Que maravilhosa cena caro leitor. Além de horripilante e feroz tal monstro era também um entendedor de coisas difíceis de serem entendidas. Que picardia, que agilidade com as palavras. Nem em um milhão de anos surgiria monstro mais amável e apaziguador como esse. Qual seu nome, não sabemos, apenas que era dócil e protetor. A pequenina Mell a besta fera protegia. Se surgissem ladrões ele os aniquilaria. Se na calada da noite lobos ferozes pela janela entrassem ele os devoraria. Nada no mundo da pequenina Mell se aproximaria, tal a astúcia e sagacidade do monstro que a protegia. Durante toda a madrugada de olhos abertos estaria, um a velar pelo sono da pobre menininha, o outro a cuidar da janela com primazia. Quando o sol no céu surgisse, em seu minúsculo guarda-roupa adentraria, a esperar a noite que em breve surgiria.

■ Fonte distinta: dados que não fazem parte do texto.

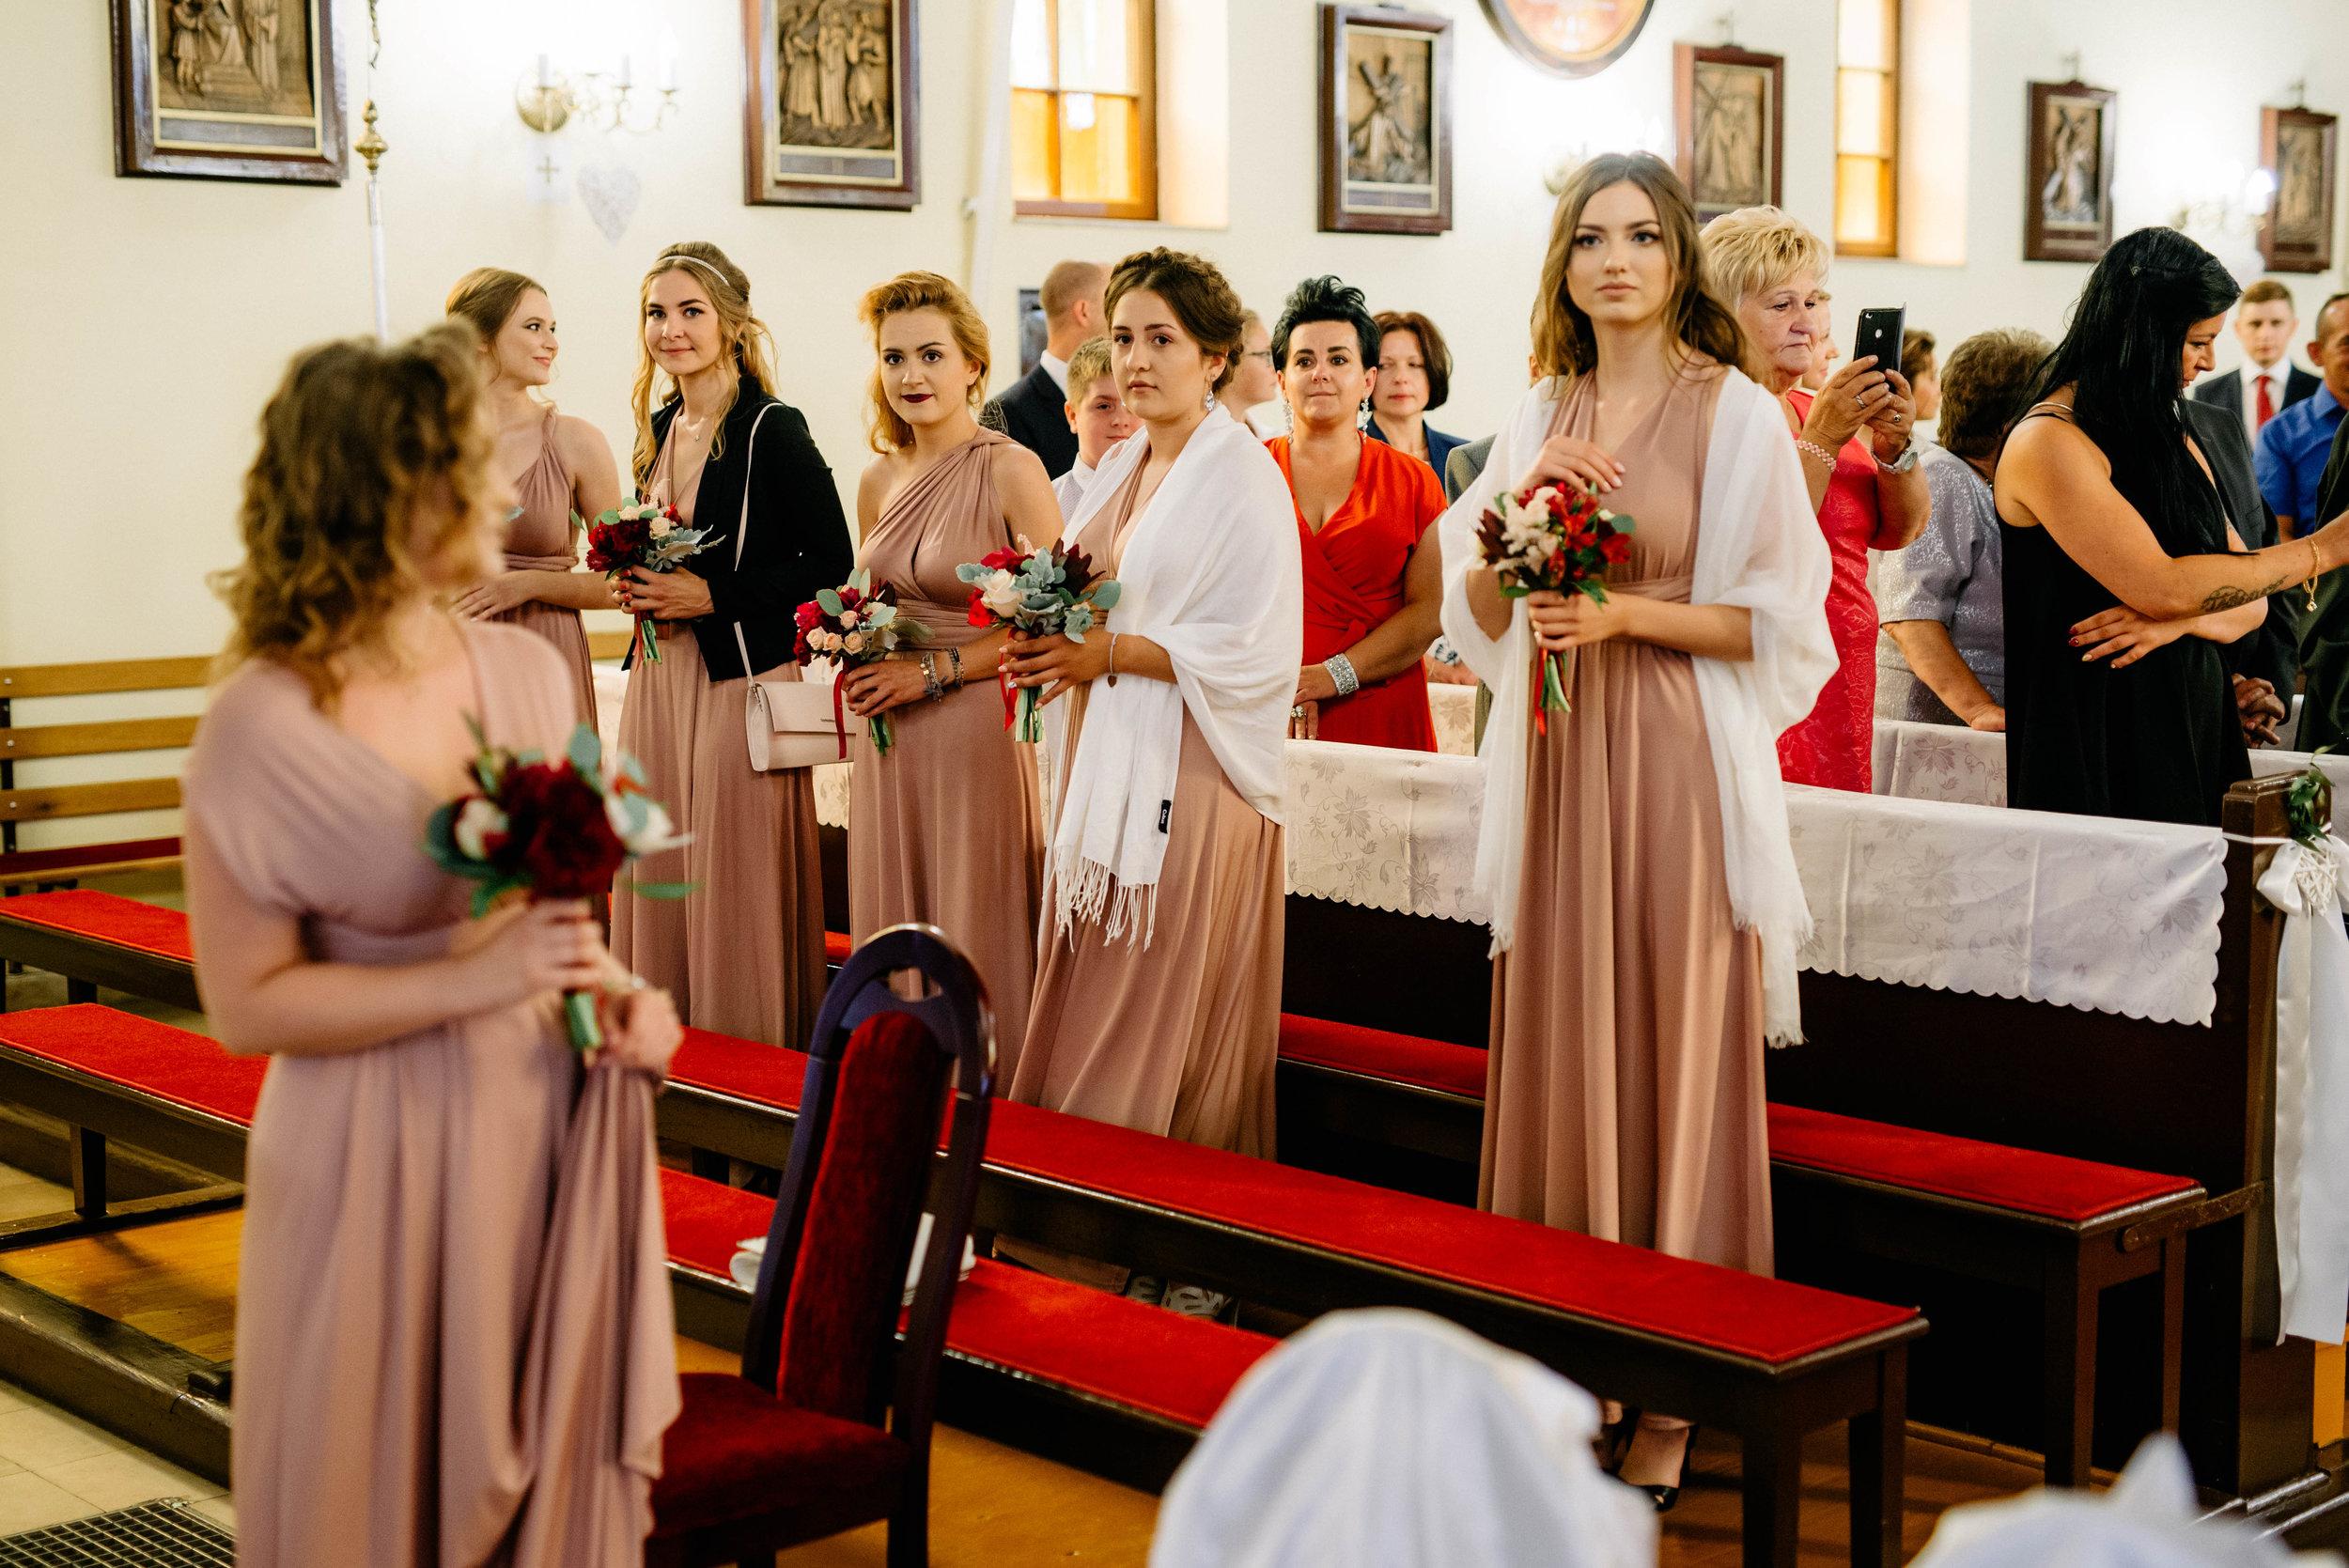 sandra_michał_ślub_wrocław_pałac_pawłowice-416.jpg

Quando o sol raiou na manhã seguinte Mell escorregou pelos lençóis e foi ter com o monstro que se escondia no guarda-roupas. “Ei, acorde, tenho que saber de uma coisa.” Não queres me deixar dormir menininha? Olhe que lhe devoro numa tacada só. “Não terias coragem, teria?” A pobre menininha tremia. Claro que não. Comeria minhas patas e minhas entranhas antes de arrancar um único fio de cabelo seu minha pequenina. Agora vá, diga logo o queres saber. “Onde ele está. No céu ou no inferno?”. Ouso dizer que não está nem em um e nem em outro. “No purgatório?”. Não, nem nesse ele está. “Então onde diabos está meu pai?”. Por que queres saber isso? Não lhe basta saber que ele está em paz? Já te disse mais de mil vezes, sempre ao amanhecer, a mesma hora, a mesma coisa. “Mas é que tenho medo. Se souber que ele no céu está, ficarei feliz. Se no inferno, sofrerei, mas saberei onde está. Se nem em um nem em outro, então não tenho paz. Me diga agora e juro nunca mais lhe perguntar.” Ele está bem, mas nem em um nem em outro. Agora me deixa dormir senão mudo de idéia e lhe arranco uma orelha. A criança foi ter então com a mãe.

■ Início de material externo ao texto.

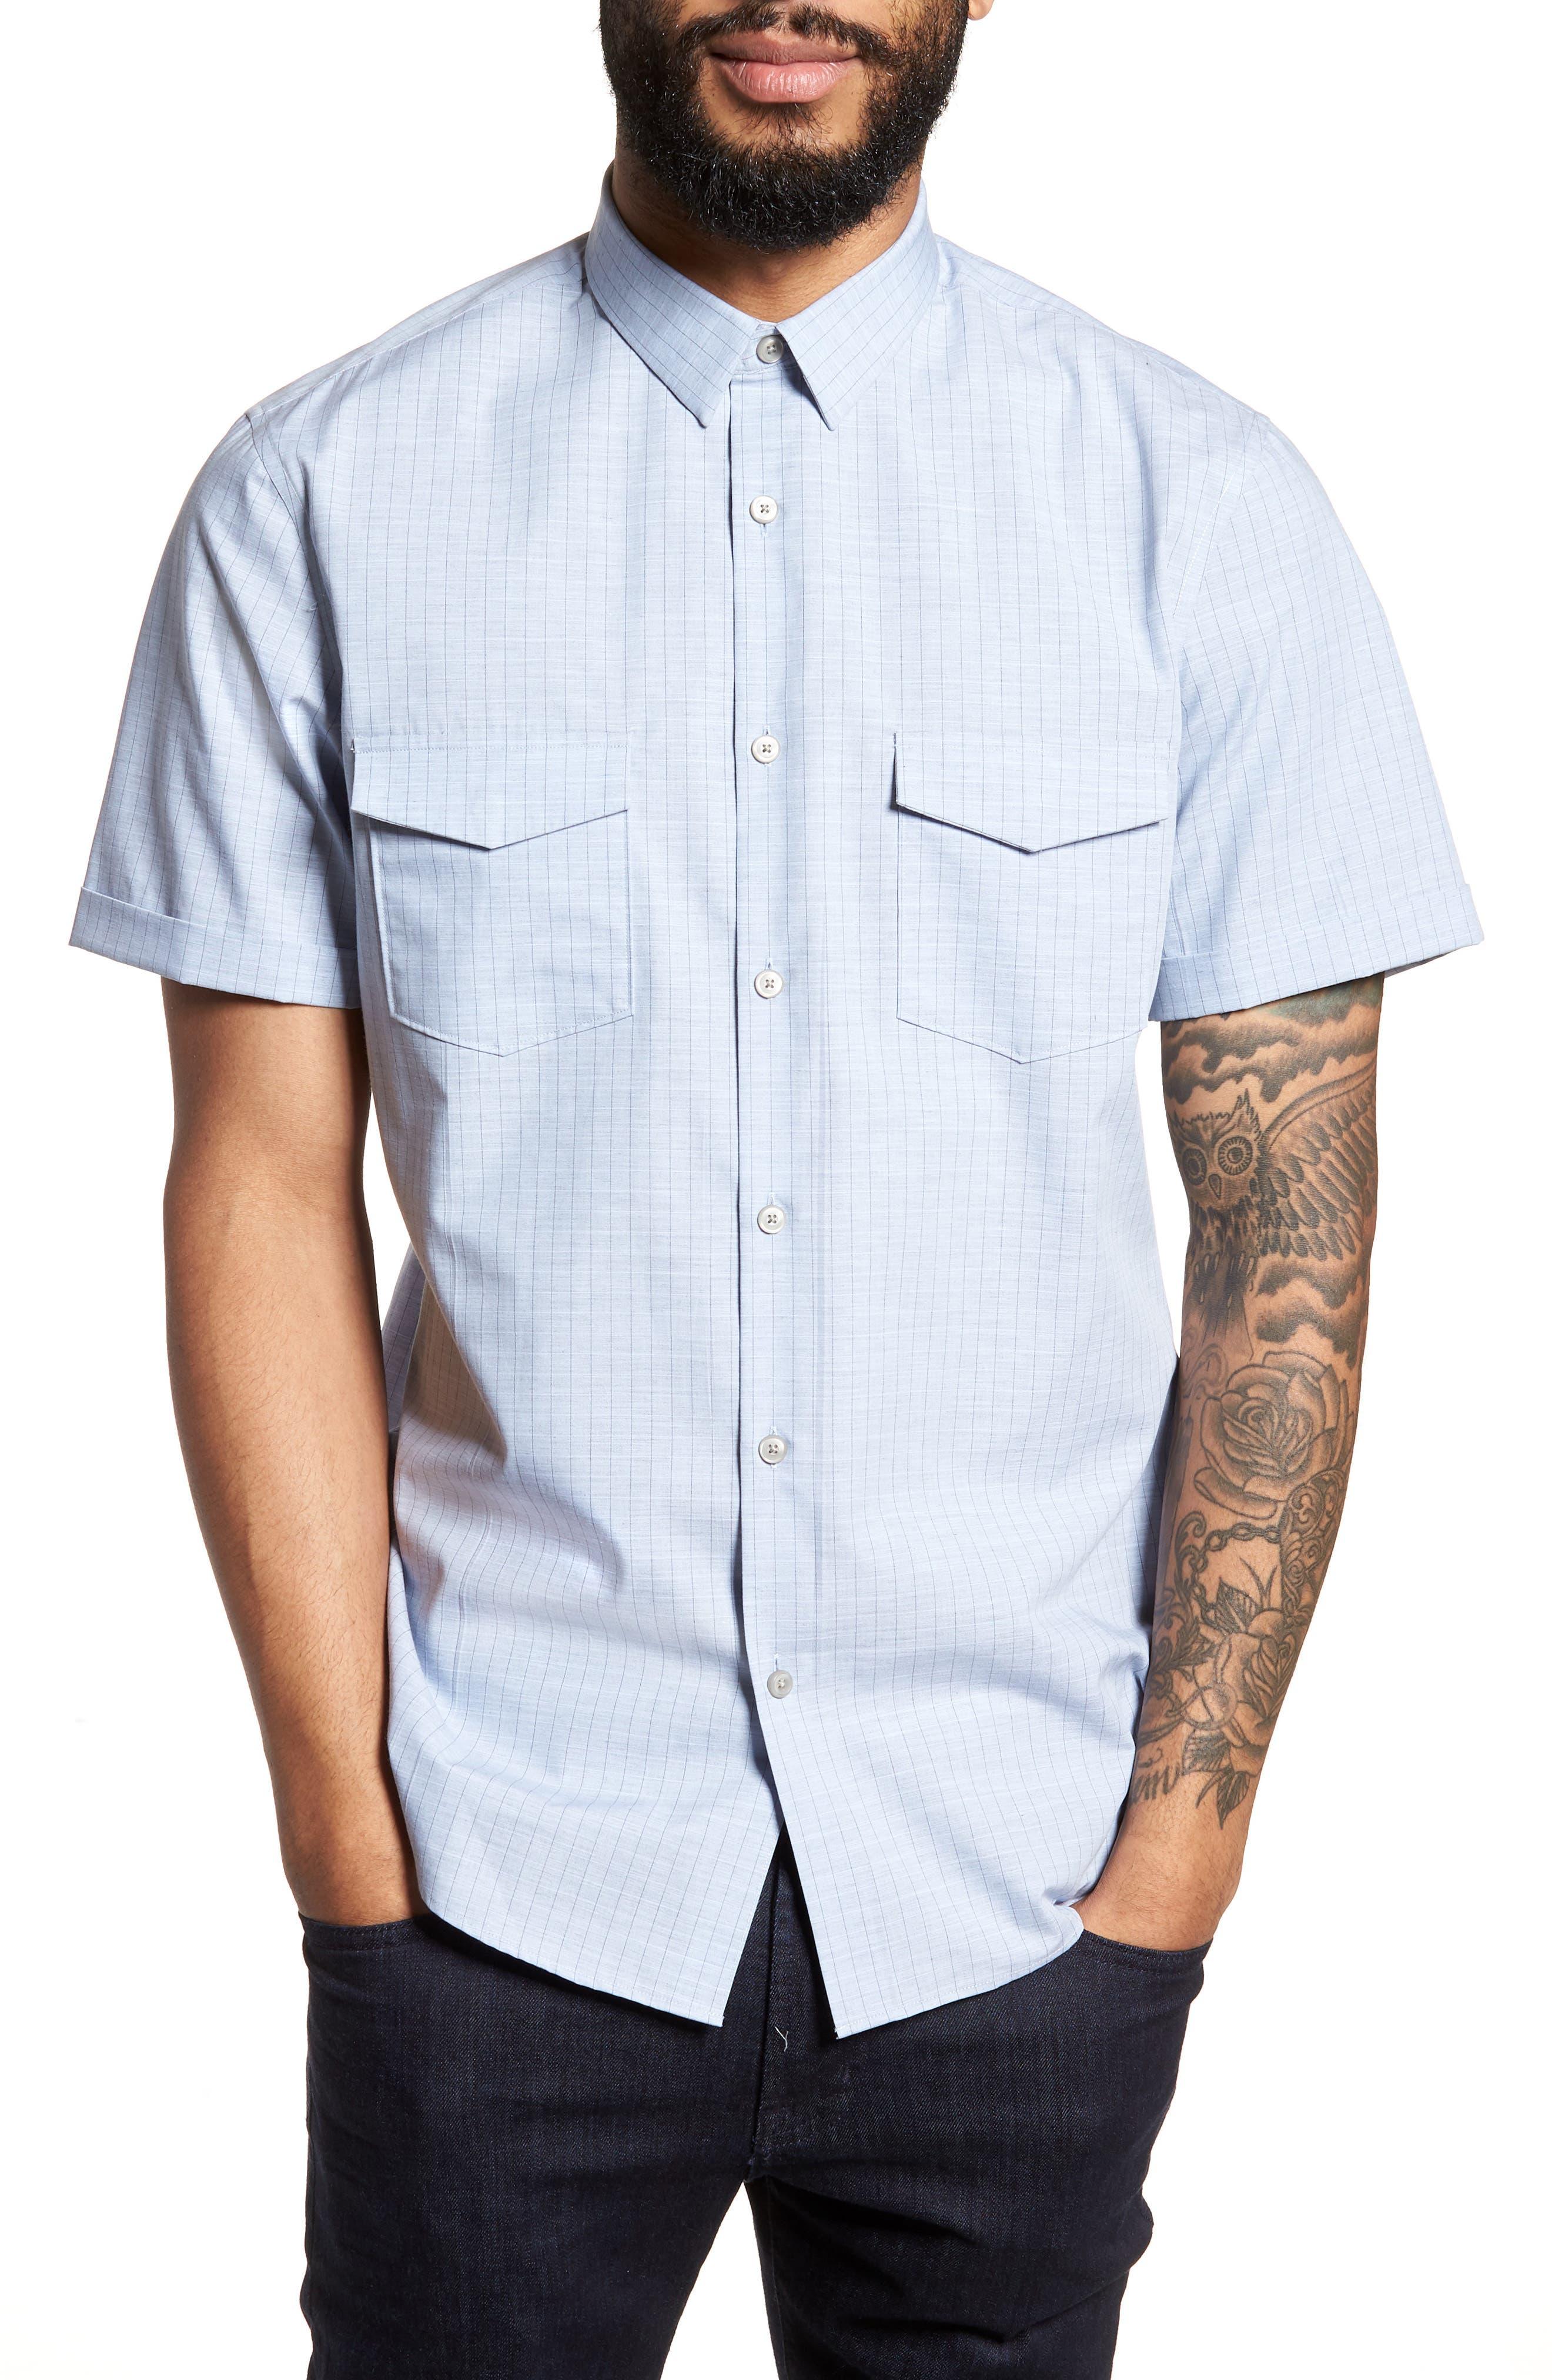 Grid Pocket Sport Shirt,                         Main,                         color, Blue Brunnera Heather Grid

Todos os dias acontecia a mesma coisa. Mell acordava e escorregava para perto do guarda-roupas, batia duas vezes na porta e esperava abrir. O monstro abria, respondia sempre a mesma coisa e voltava a dormir. Dois anos querido leitor, todos os dias, sempre a mesma pergunta e sempre a mesma resposta. Mell não cansava de o monstro inquirir. “Um dia ele vai falar, juro que vai”. Onde ele está, perguntava a pequenina. Furtivo o monstro respondia. Não dizia nada. Ou dizia mas a pequenina não entendia. Digo sim, dizia o monstro. “Não diz não”, retrucava a menininha. Digo, acabei de lhe dizer. “Não disse não”. E assim os dias passavam. “Um dia me dirá. Responda-me, um dia me dirá?” Direi, mas não hoje. Não tens como entender. Se te disser quererás a morte. Como não quero que morras, não te digo. Se um dia deixar de te gostar, te digo na hora. Assim saberás e morrerá.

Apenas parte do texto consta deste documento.